A multi-agent Retrieval-Augmented Generation system exposed as an MCP server. Ask a question and a LangGraph pipeline plans the retrieval, pulls evidence from a pgvector knowledge base, optionally augments it with live web research, drafts a cited answer, and then self-critiques it for grounding — revising until the answer is supported by the sources.

It plugs into any MCP client (Claude Code/Desktop, Cursor, Windsurf, …) as three tools: ingest, ask, and search.

Why this design? A bare RAG endpoint is easy to copy; a multi-agent system that verifies its own answers and ships as an MCP server is not.
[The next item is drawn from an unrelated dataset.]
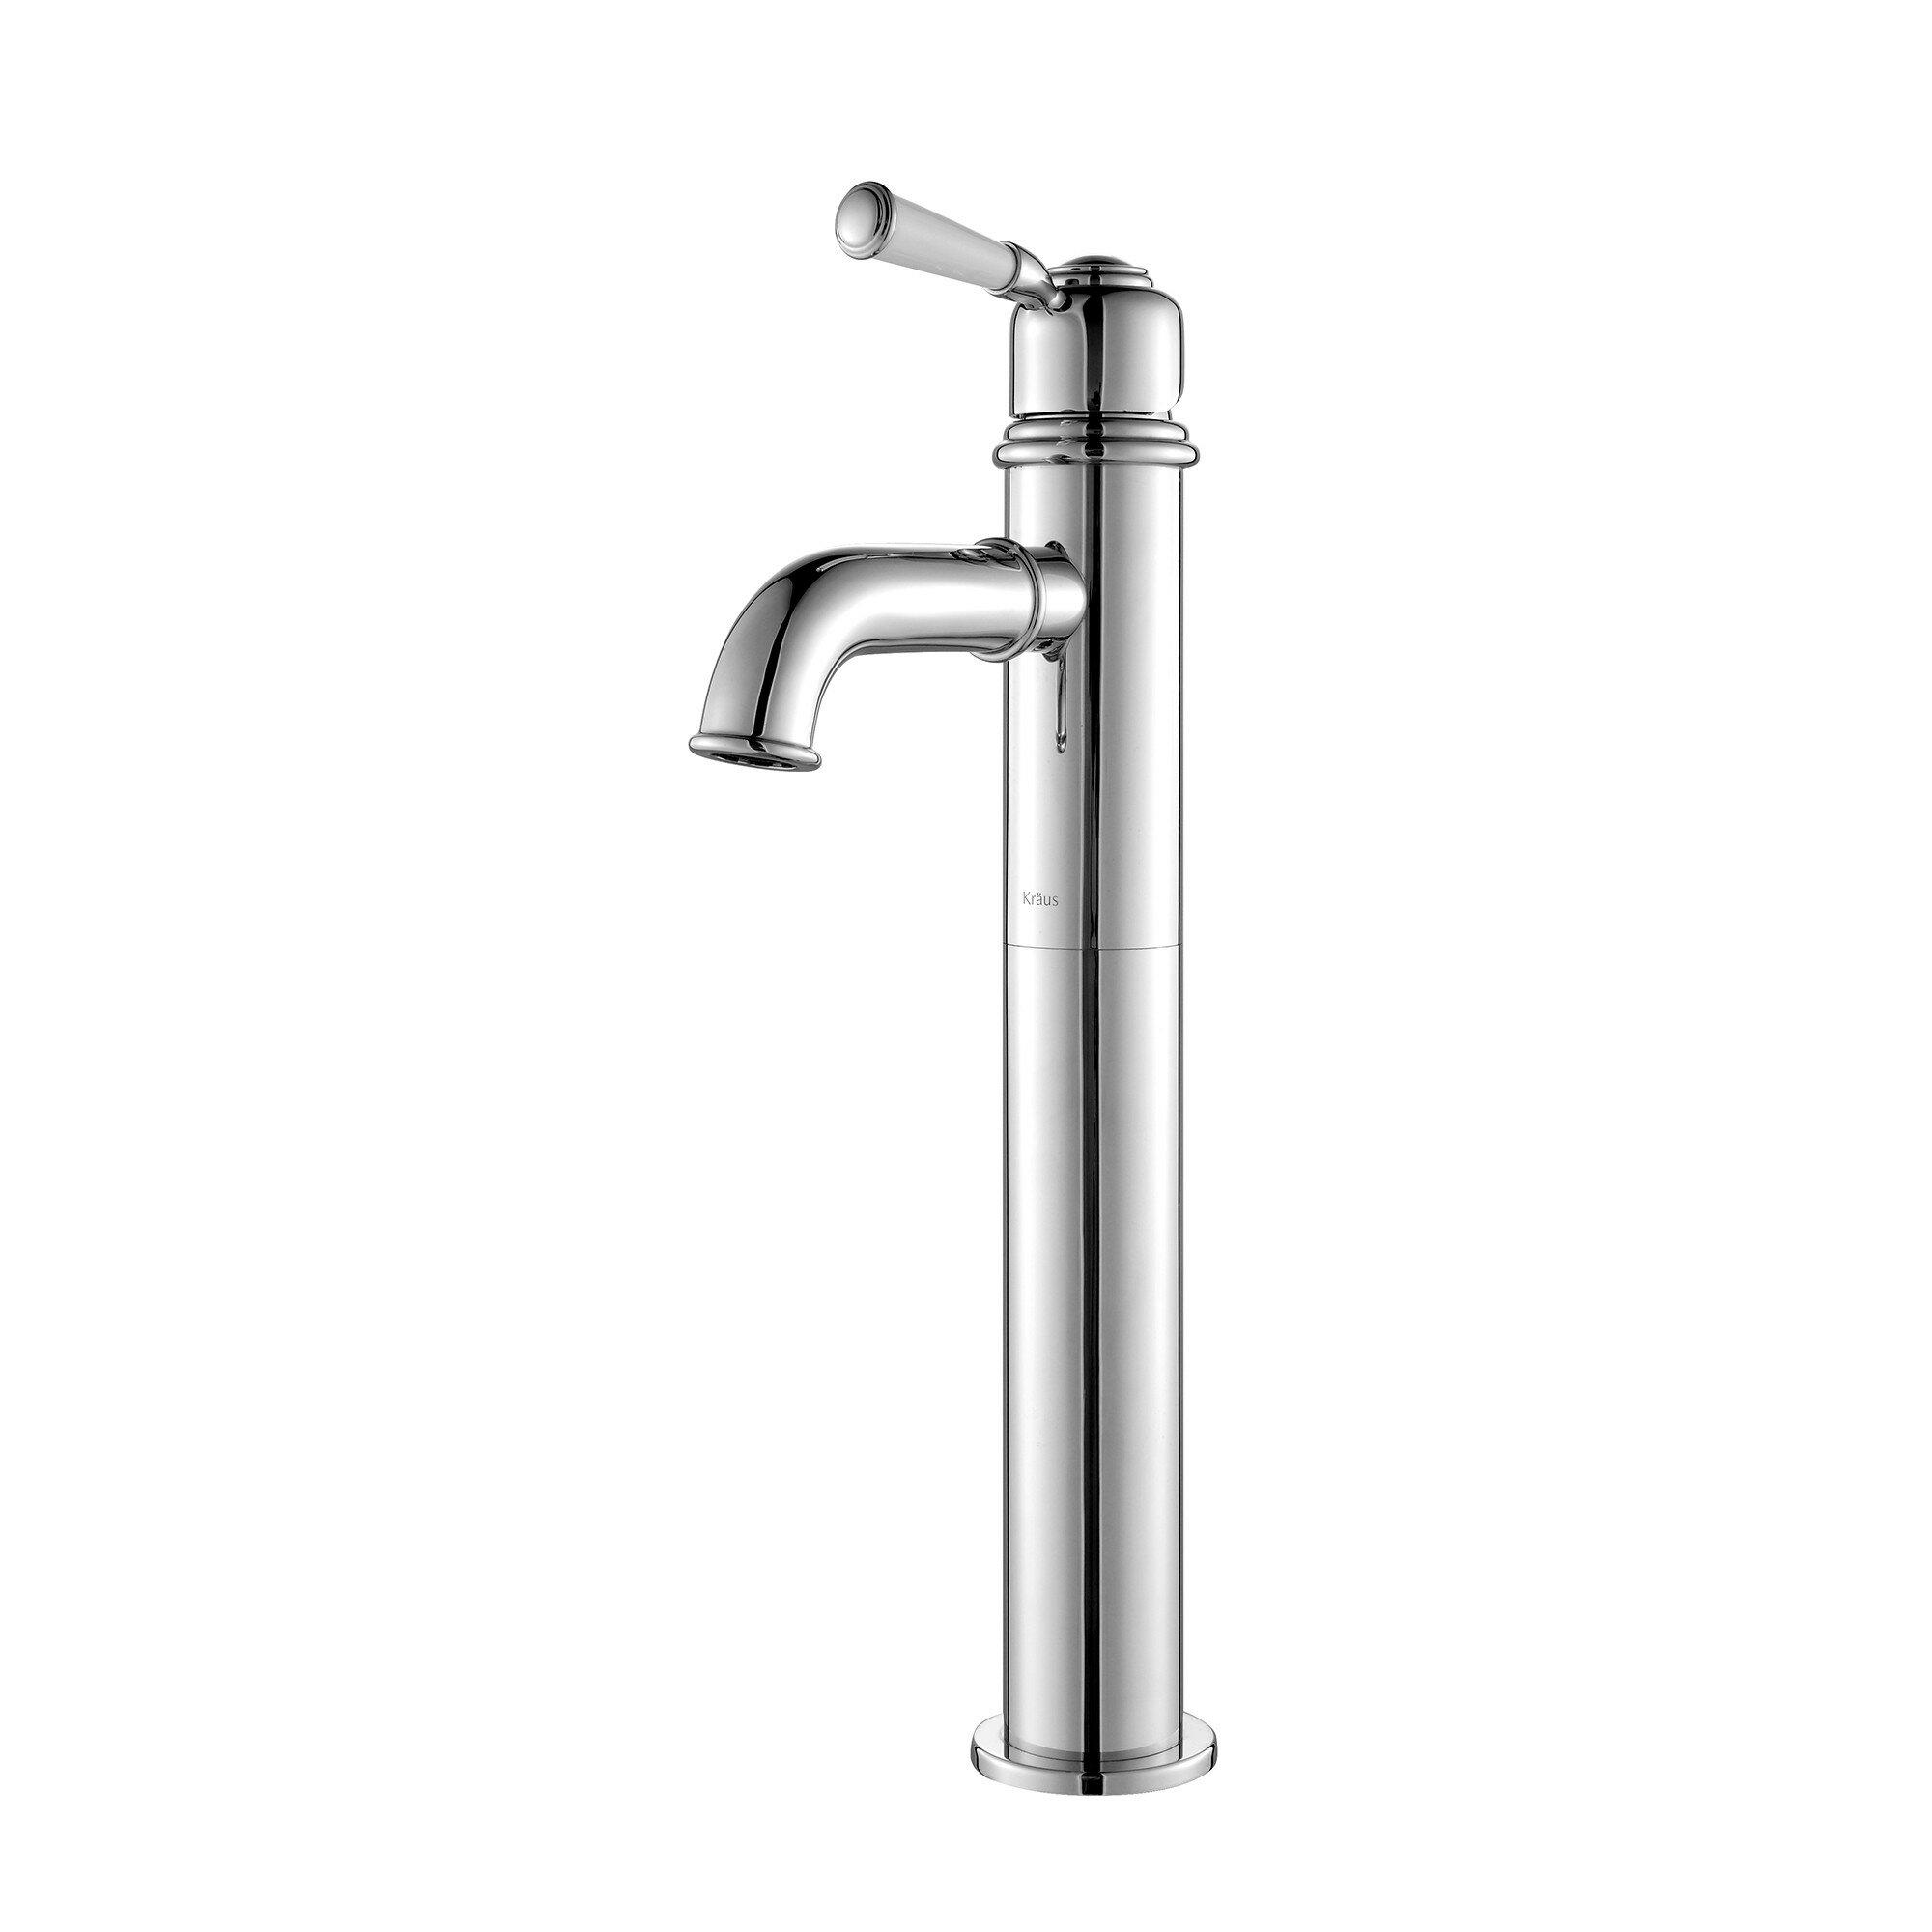 Kraus Faucets Reviews : Kraus Exquisite Solinder Single Handle Vessel Bathroom Faucet ...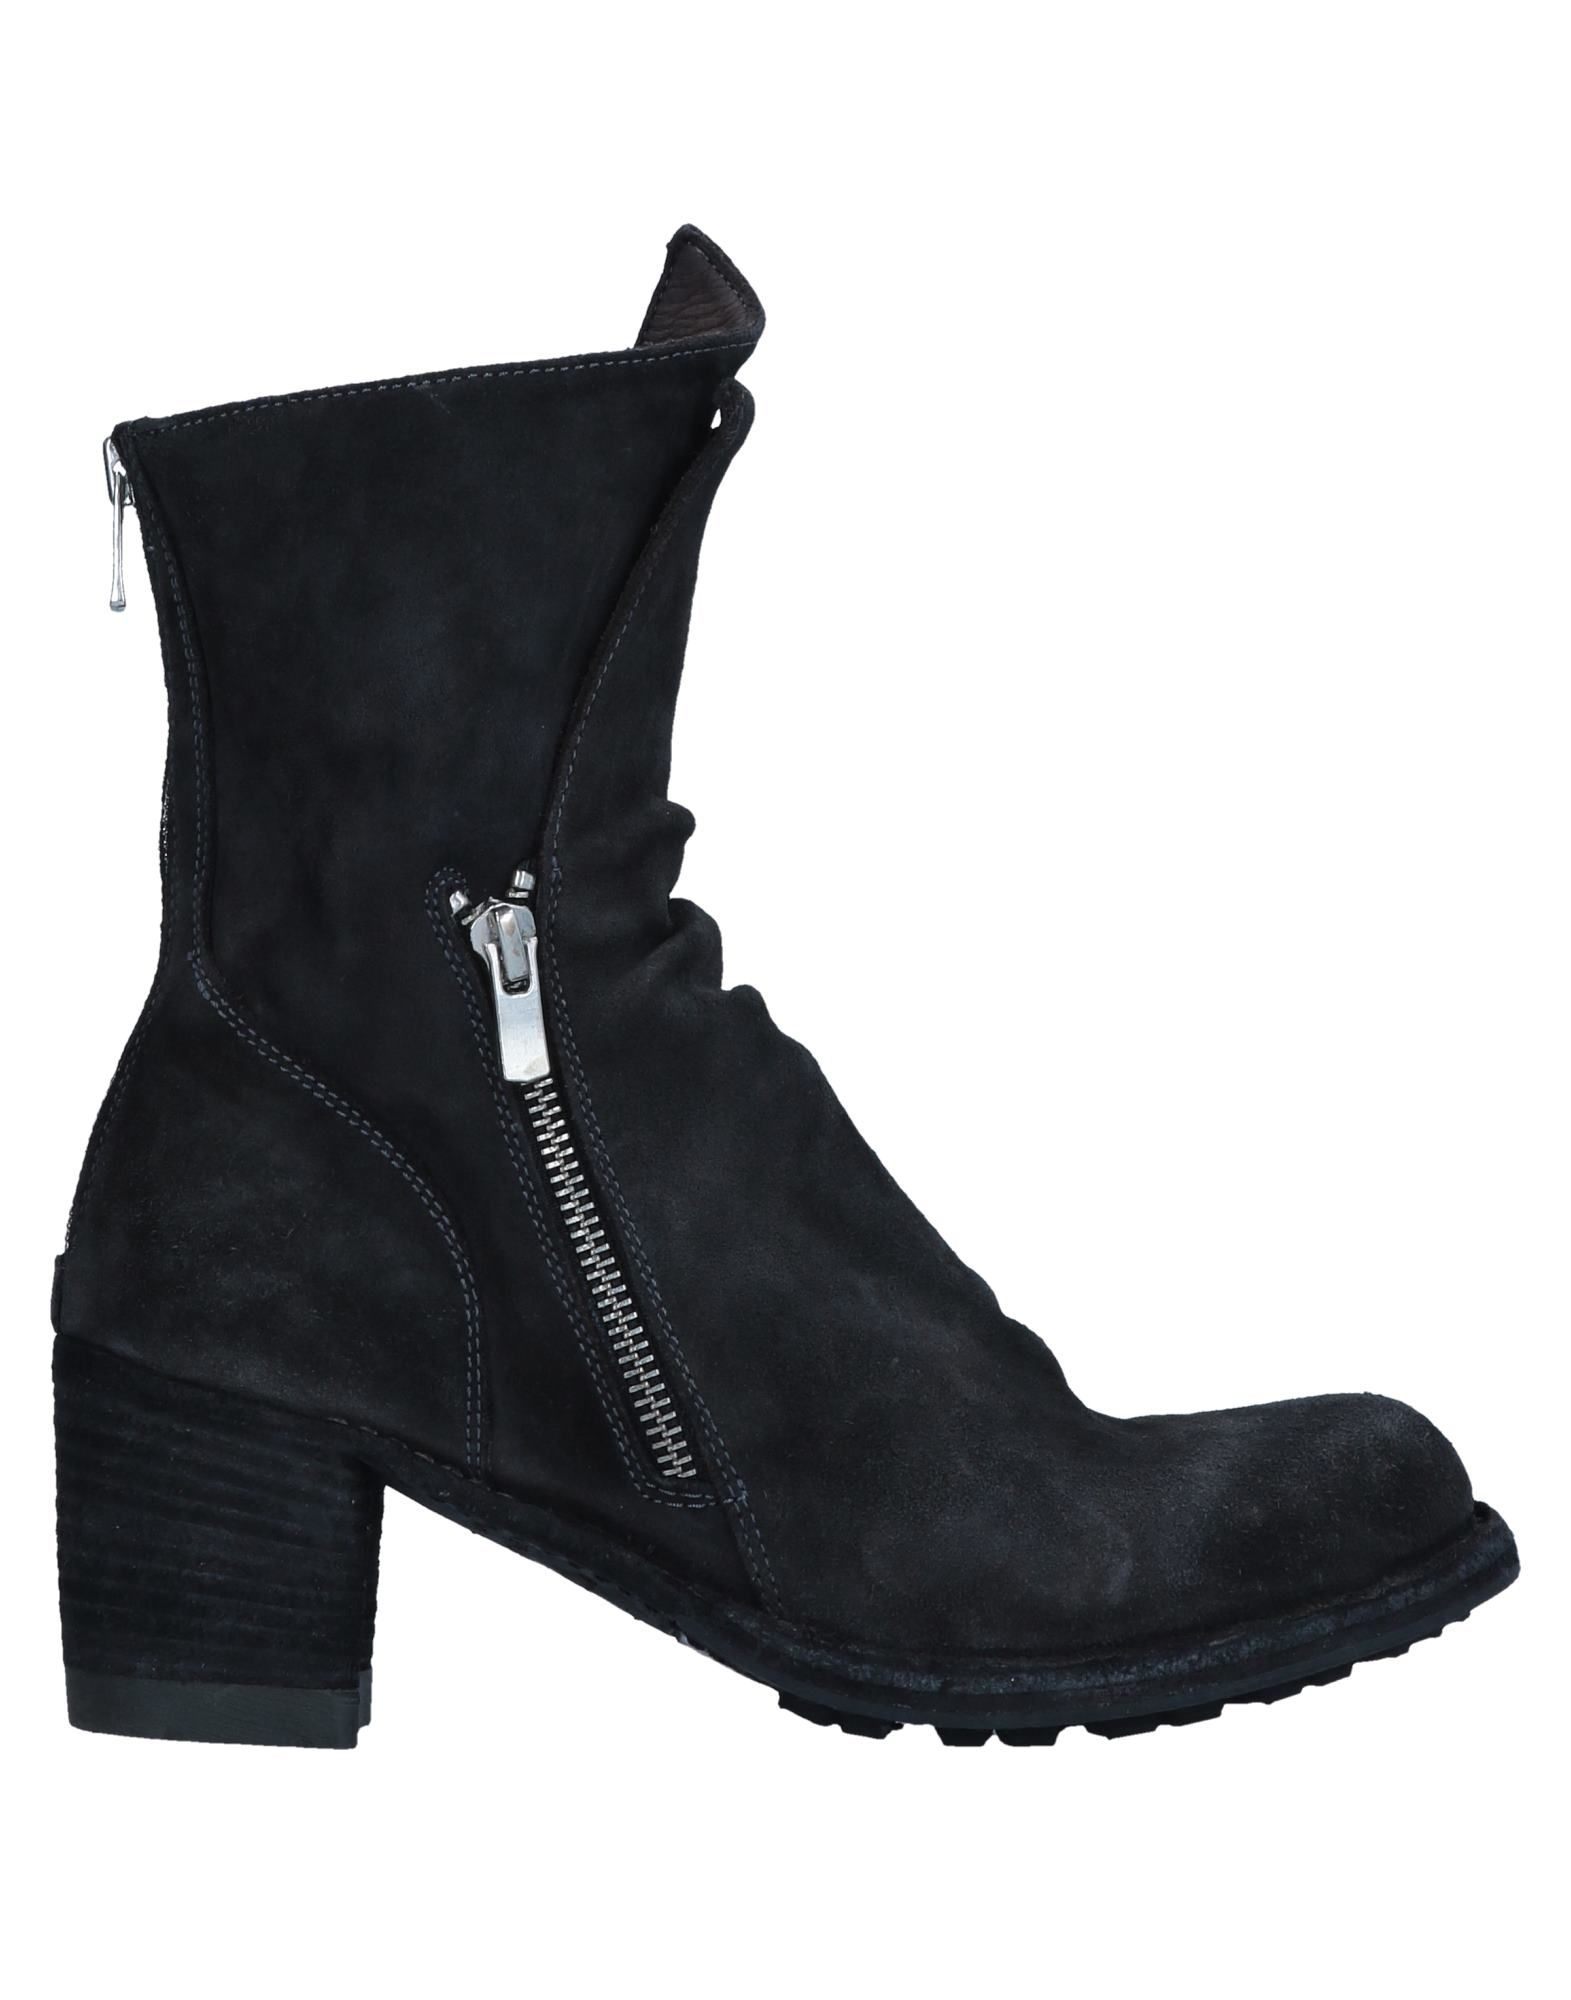 Sneakers Hogan Uomo - 11193816XT Scarpe economiche e buone

The architecture is the moat — "easy to buy, hard to replicate."

---

Architecture

flowchart LR
    Q([Question]) --> P[🧭 Planner<br/>plan + search queries]
    P --> R[📚 Retriever<br/>pgvector top-k]
    R --> W[🌐 Web Researcher<br/>Firecrawl • optional]
    W --> S[✍️ Synthesizer<br/>cited answer]
    S --> C{🔎 Critic<br/>grounded?}
    C -- needs revision --> S
    C -- grounded --> A([Answer + citations])

    subgraph Stores
      DB[(Supabase<br/>pgvector)]
    end
    R <-->|cosine search| DB

    classDef agent fill:#1e293b,stroke:#7C3AED,color:#e2e8f0;
    class P,R,W,S,C agent;

| Agent | Model / tool | Responsibility | |---|---|---| | Planner | Claude (claude-opus-4-8, adaptive thinking) | Decompose the question into focused search queries | | Retriever | Voyage embeddings + pgvector | Cosine top-k over the knowledge base | | Web Researcher | Firecrawl (optional) | Augment with live web results when a key is set | | Synthesizer | Claude | Draft an answer grounded in context, with [n] citations | | Critic | Claude | Verify grounding; loop back for revision if unsupported |

---

MCP tools

| Tool | Arguments | Returns | |---|---|---| | ingest | url: str | Scrapes the URL, chunks + embeds it, stores it. { url, chunks_added } | | ask | question: str | Runs the full pipeline. { answer, citations, plan, grounded } | | search | query: str, k: int = 5 | Retrieval only — top-k chunks with similarity scores |

---

Quickstart

# 1. Install (Python 3.10+)
uv venv && uv pip install -e ".[dev]"     # or: pip install -e ".[dev]"

# 2. Configure
cp .env.example .env                       # fill in ANTHROPIC_API_KEY, VOYAGE_API_KEY, DATABASE_URL

# 3. Create the vector table (Supabase SQL editor or psql)
psql "$DATABASE_URL" -f sql/schema.sql

# 4. Run the MCP server (stdio by default)
agentic-rag-mcp

Connect it to Claude Code

claude mcp add agentic-rag -s user \
  --env ANTHROPIC_API_KEY=sk-ant-... \
  --env VOYAGE_API_KEY=pa-... \
  --env DATABASE_URL=postgresql://... \
  -- agentic-rag-mcp

Then, from the client: "ingest https://example.com/docs" → "ask: how do I configure X?".

---

How it works

Plan — Claude turns the question into a short plan + 1–5 search queries.
Retrieve — each query is embedded (Voyage voyage-3.5) and matched against pgvector

by cosine distance; results are de-duplicated and ranked.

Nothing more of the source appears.